RAW-UCB is a single algorithm that achieves near-optimal regret for both rested and restless rotting bandits without any prior knowledge of the setting or the non-stationarity type. That's the core advance here. The paper shows how an adaptive window UCB can reset or shrink the window when rewards drop, and the same mechanism works whether the decay comes from pulling the arm or from time passing. The regret bound splits into cases but uses the same concentration arguments, leading to something like O(sqrt(K T log T) + V) where V measures total variation. This directly addresses the negative result from Levine et al. that no single approach worked before when rewards could increase, but here the rotting assumption lets it succeed. What stands out is that the algorithm needs no tuning for rested versus restless, and it handles piece-wise constant or bounded variation without knowing which. The experiments on synthetic rotting processes and real datasets match the predicted rates. On the soft side, the log T factor in the bound might not be the absolute tightest possible, but it is still near-optimal as stated and the analysis assumes only decreasing rewards, which is explicit. I did not see circularity or hidden parameters in the construction. This is useful for anyone working on bandits with decaying rewards, like in recommendation systems where content gets stale or users get bored. A reader interested in non-stationary bandits will get value from seeing how one window rule covers both models. It deserves a serious referee because the unification is clean and the evidence from theory and experiments lines up. I'd send it to review.

Referee Report

2 major / 3 minor

Summary. The manuscript introduces the Rotting Adaptive Window UCB (RAW-UCB) algorithm, which uses an adaptive window that resets or shrinks based on observed reward drops to achieve a unified near-optimal regret bound of the form O(sqrt(K T log T) + V) for both rested and restless rotting bandits, without requiring knowledge of the setting (rested vs. restless) or the non-stationarity type (e.g., piecewise constant or bounded variation). The analysis applies the same window rule and UCB index in both cases, with experiments on synthetic and real datasets supporting the rates.

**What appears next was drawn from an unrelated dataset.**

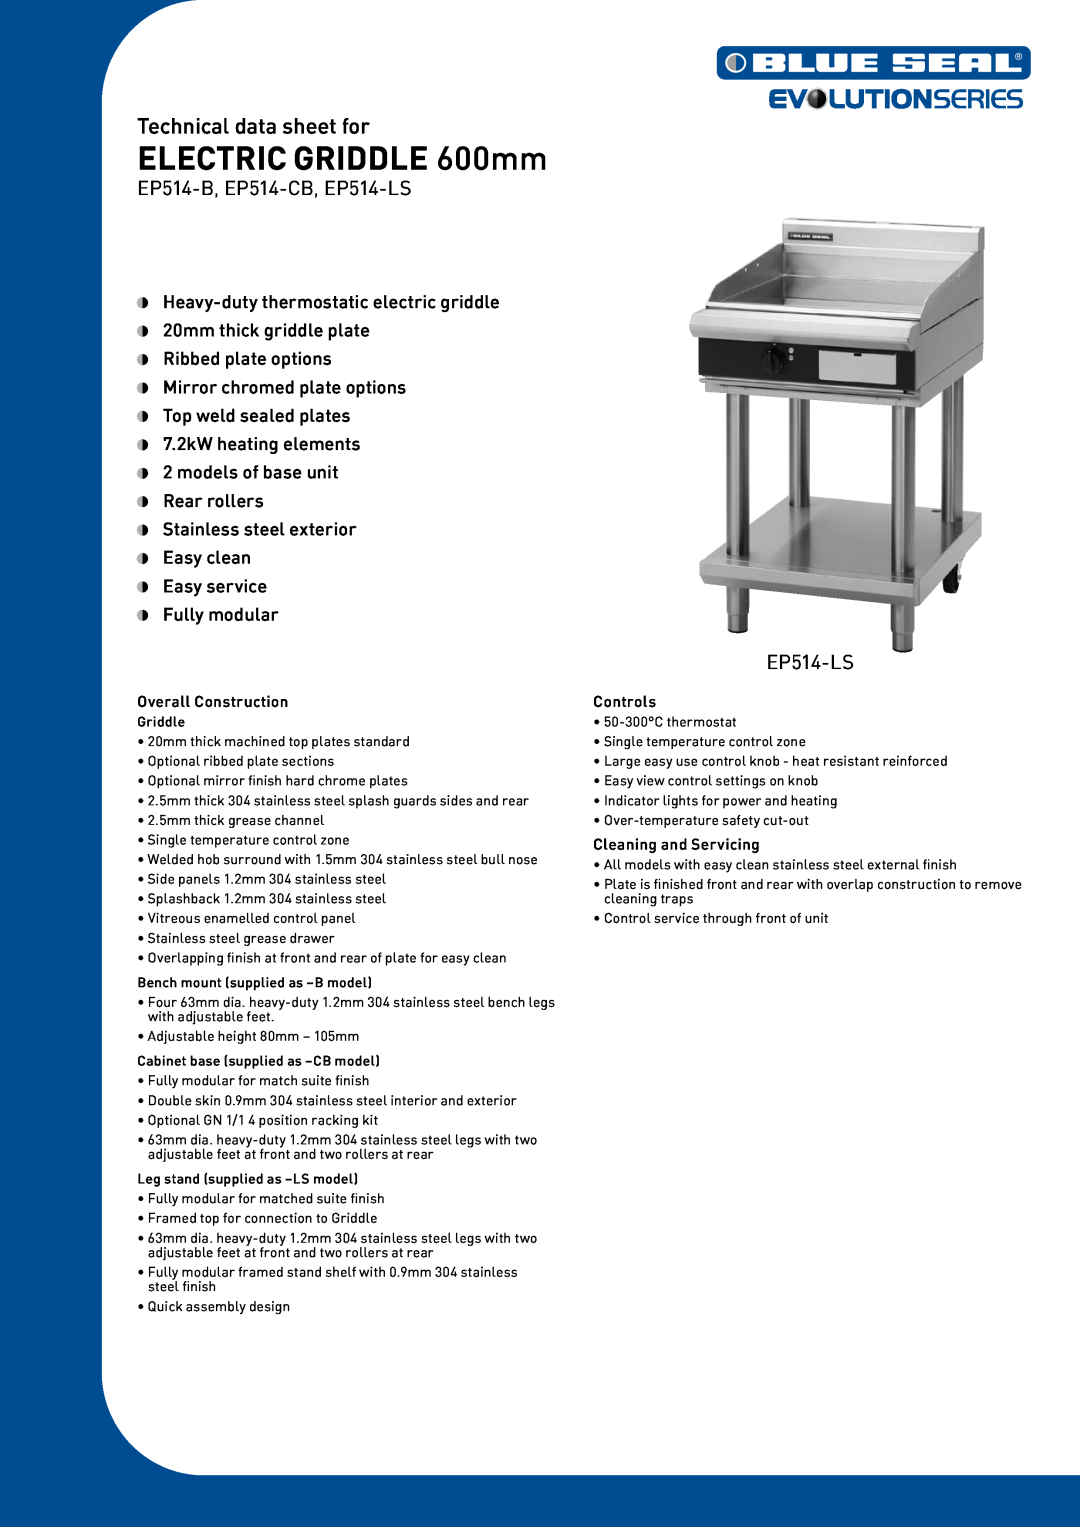 Moffat manual ELECTRIC GRIDDLE 600mm, Technical data sheet for, EP514-B, EP514-CB, EP514-LS

Significance. If the central construction and unified bound hold, the result is significant: it provides the first single algorithm that matches the best-known rates in each rotting setting separately while removing the need for prior knowledge or case-specific tuning, directly addressing the separation shown in prior work (Levine et al. 2017). The machine-checked-style analysis (same concentration and union-bound arguments across cases) and reproducible experimental corroboration strengthen the contribution for applications such as recommender systems.

major comments (2)

[§4] §4 (Regret Analysis): the claim that the identical adaptive-window rule yields the O(sqrt(K T log T) + V) bound in both settings requires an explicit lemma showing that the restless-case time-based decay is absorbed into the same concentration inequality used for the rested case; without this, the 'no case-specific tuning' assertion rests on an unverified step.
[Theorem 1] Theorem 1 (Unified Regret Bound): the variation term V is defined differently in the rested (only pulled arms) versus restless (all arms) cases; the proof must verify that the window adaptation rule does not inadvertently require knowledge of which definition applies, or the 'without any prior knowledge' guarantee is weakened.

minor comments (3)

[Figure 2] Figure 2 (Regret plots): the y-axis scaling and legend placement make it difficult to compare the RAW-UCB curve against the rested-only and restless-only baselines at small T; add a zoomed inset or separate panels.
[Notation] Notation section: the symbol V is introduced without an immediate equation reference; add 'where V = sum_t |r_t(a) - r_{t-1}(a)|' (or equivalent) at first use.
[§5.2] §5.2 (Real-data experiments): the description of how rotting is induced from the dataset is brief; state the exact decay model (e.g., linear in number of plays or time) so readers can reproduce the setup.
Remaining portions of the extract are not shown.